EXERCISE:
Beginning with the line that contains "USグリル 94-01 Dodge", retype the entries below exactly, ending with the line that contains "City Graphic Arkham". Leave out any pictures.

LISTED RECORDS:
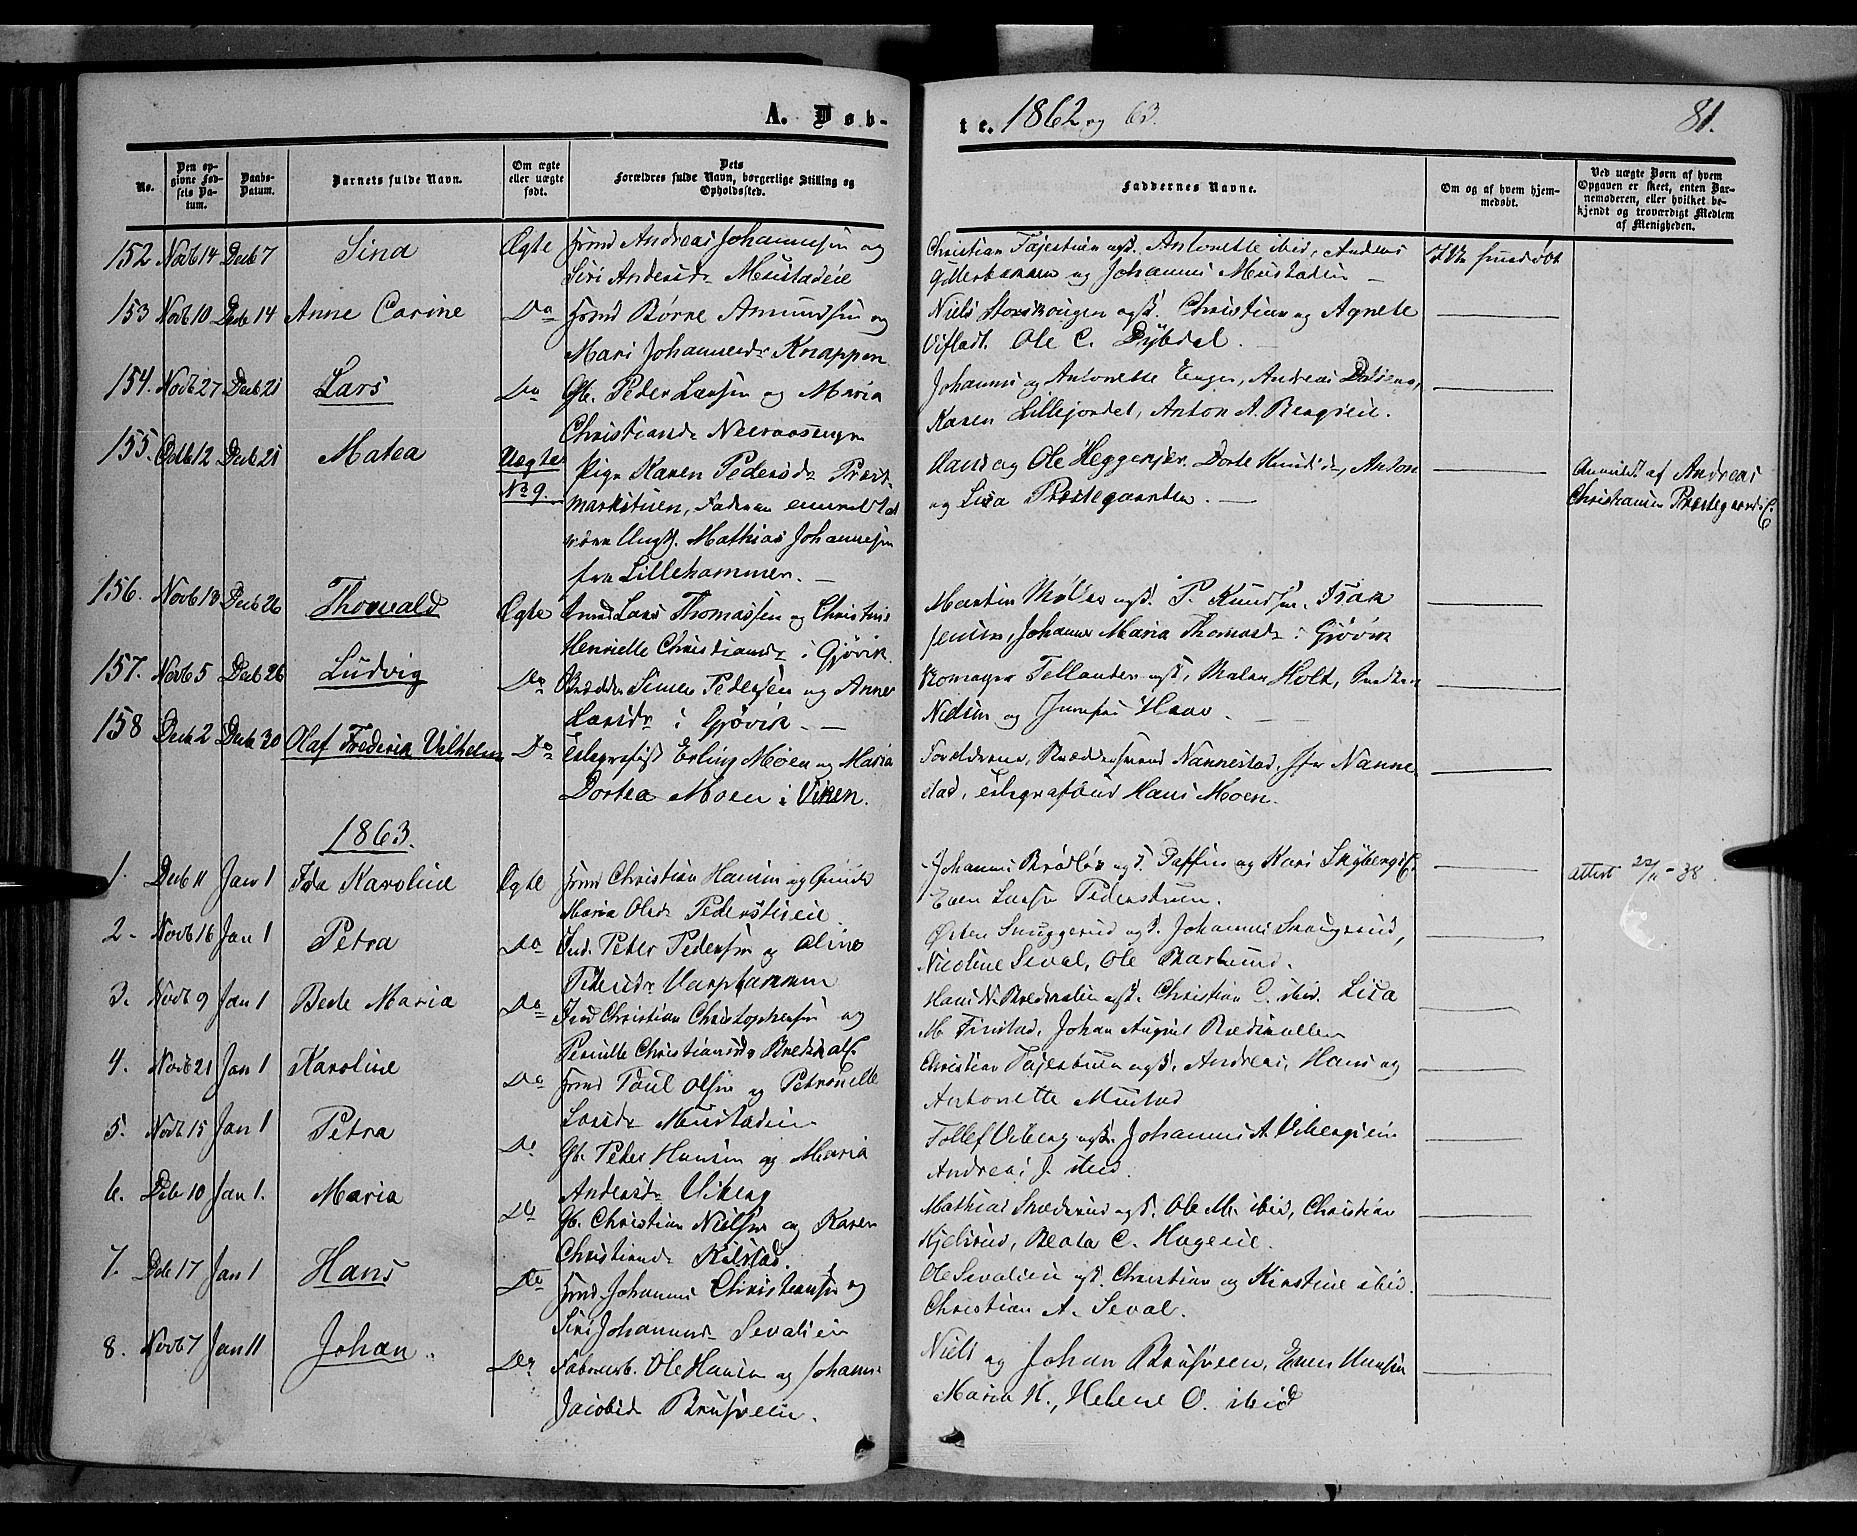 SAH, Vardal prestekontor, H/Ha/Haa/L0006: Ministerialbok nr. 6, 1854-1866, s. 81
==
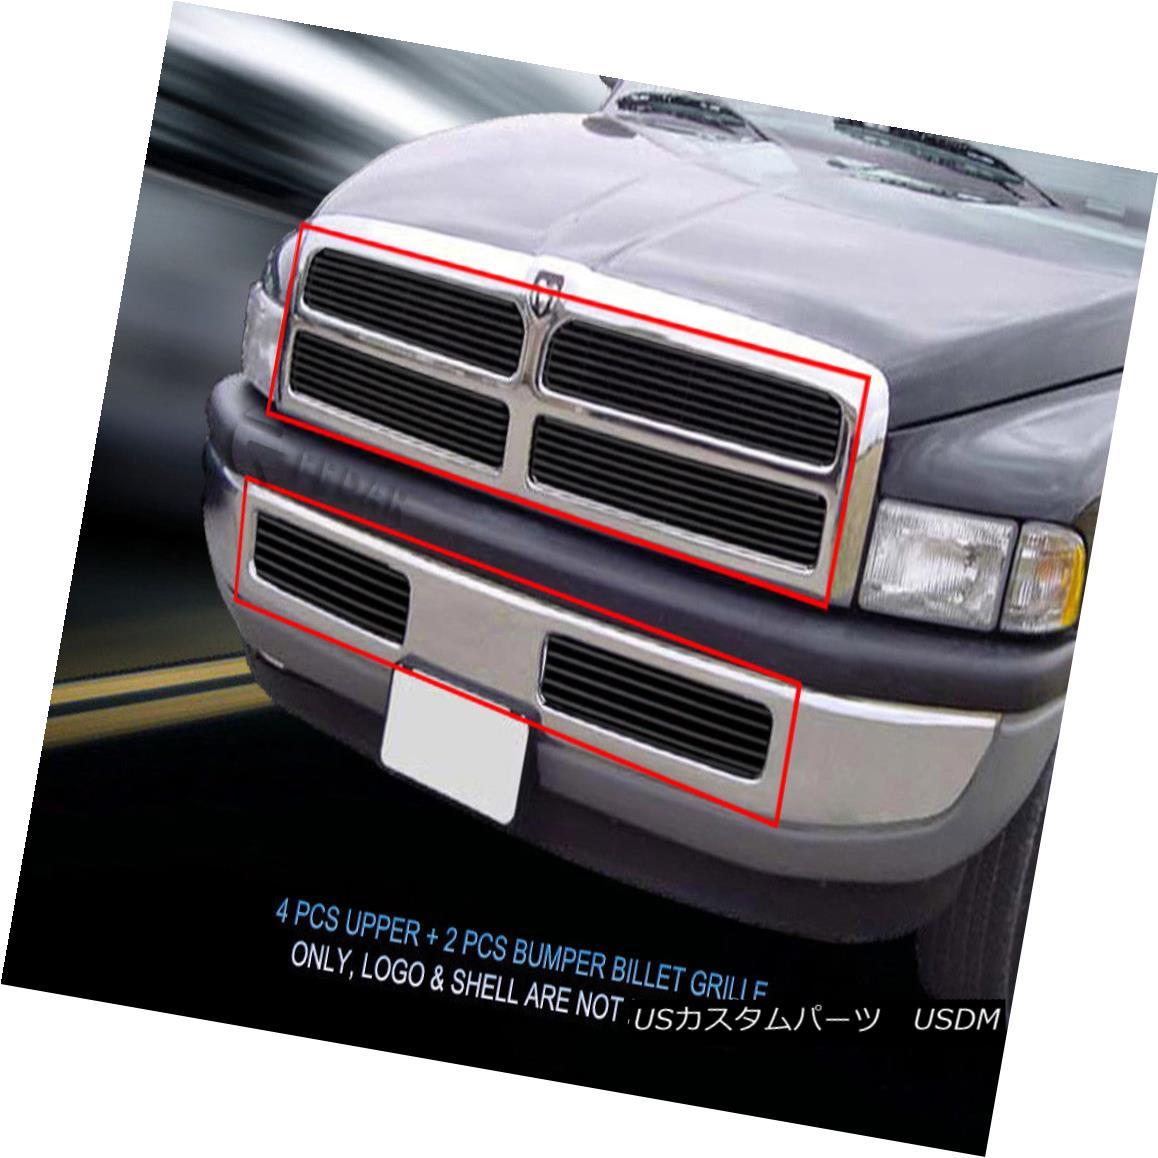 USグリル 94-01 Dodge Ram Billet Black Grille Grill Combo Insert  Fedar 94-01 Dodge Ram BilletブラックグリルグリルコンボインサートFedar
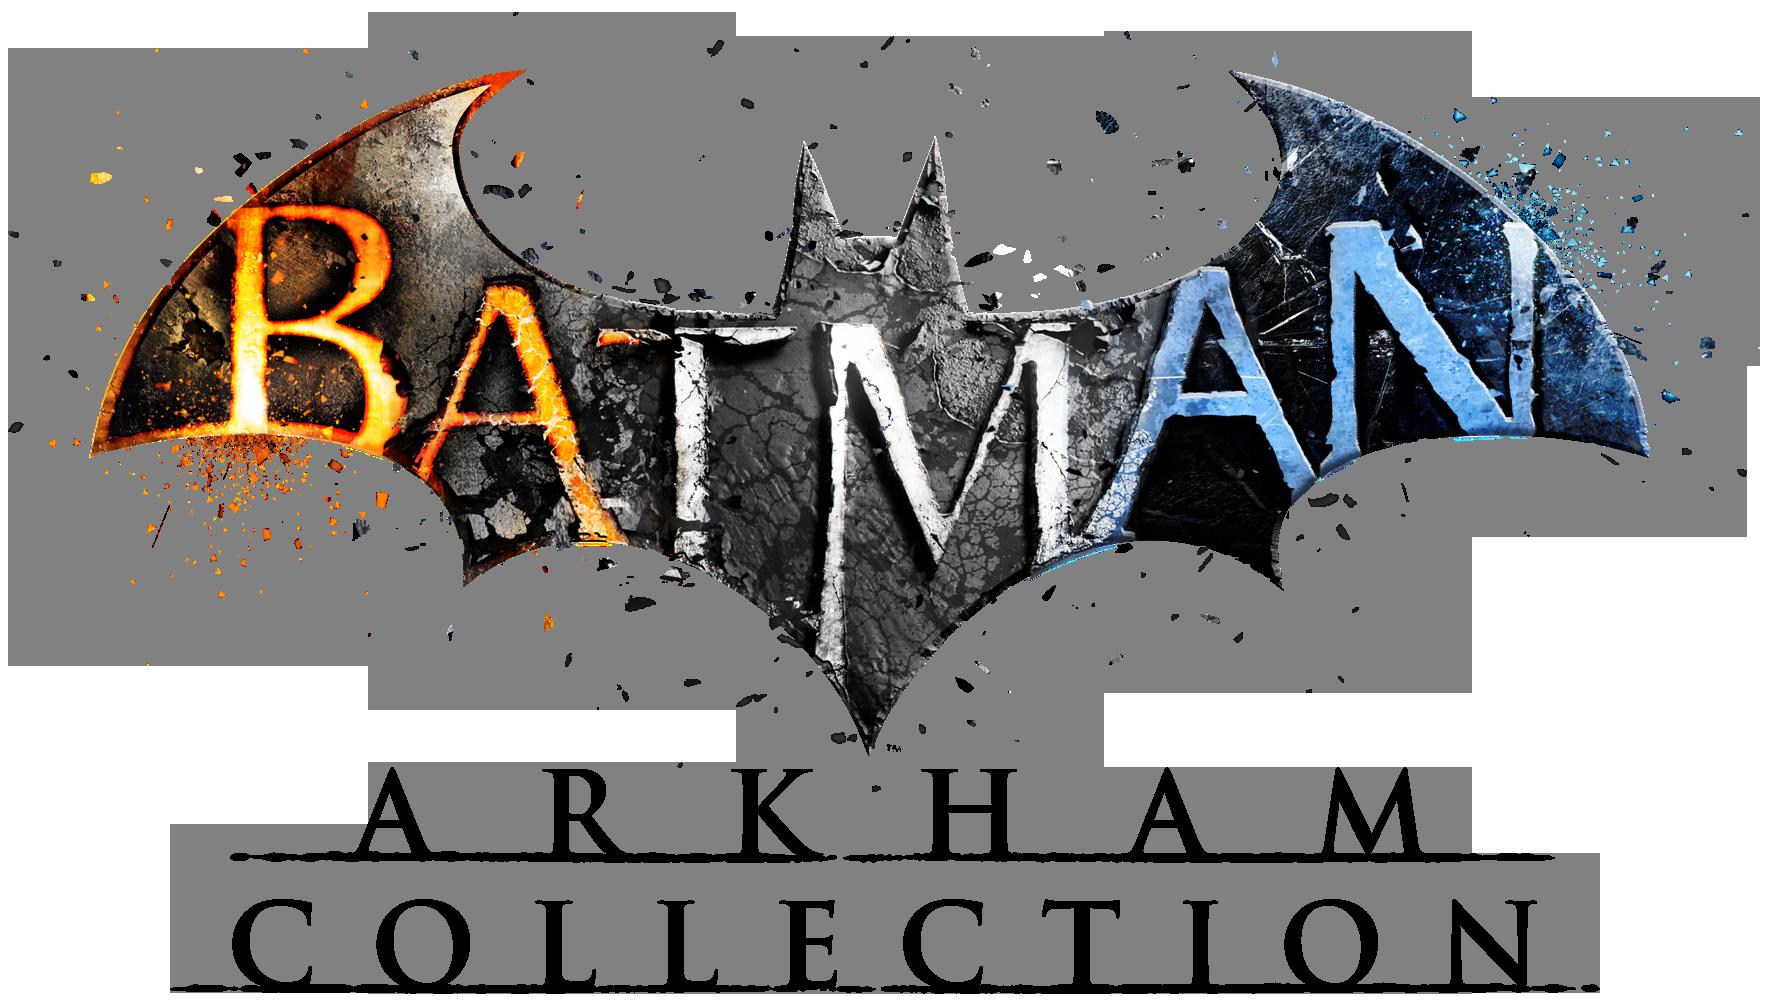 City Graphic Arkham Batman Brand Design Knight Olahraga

SOLUTION:
 USグリル 94-01 Dodge Ram Billet Black Grille Grill Combo Insert  Fedar 94-01 Dodge Ram BilletブラックグリルグリルコンボインサートFedar
 City Graphic Arkham Batman Brand Design Knight Olahraga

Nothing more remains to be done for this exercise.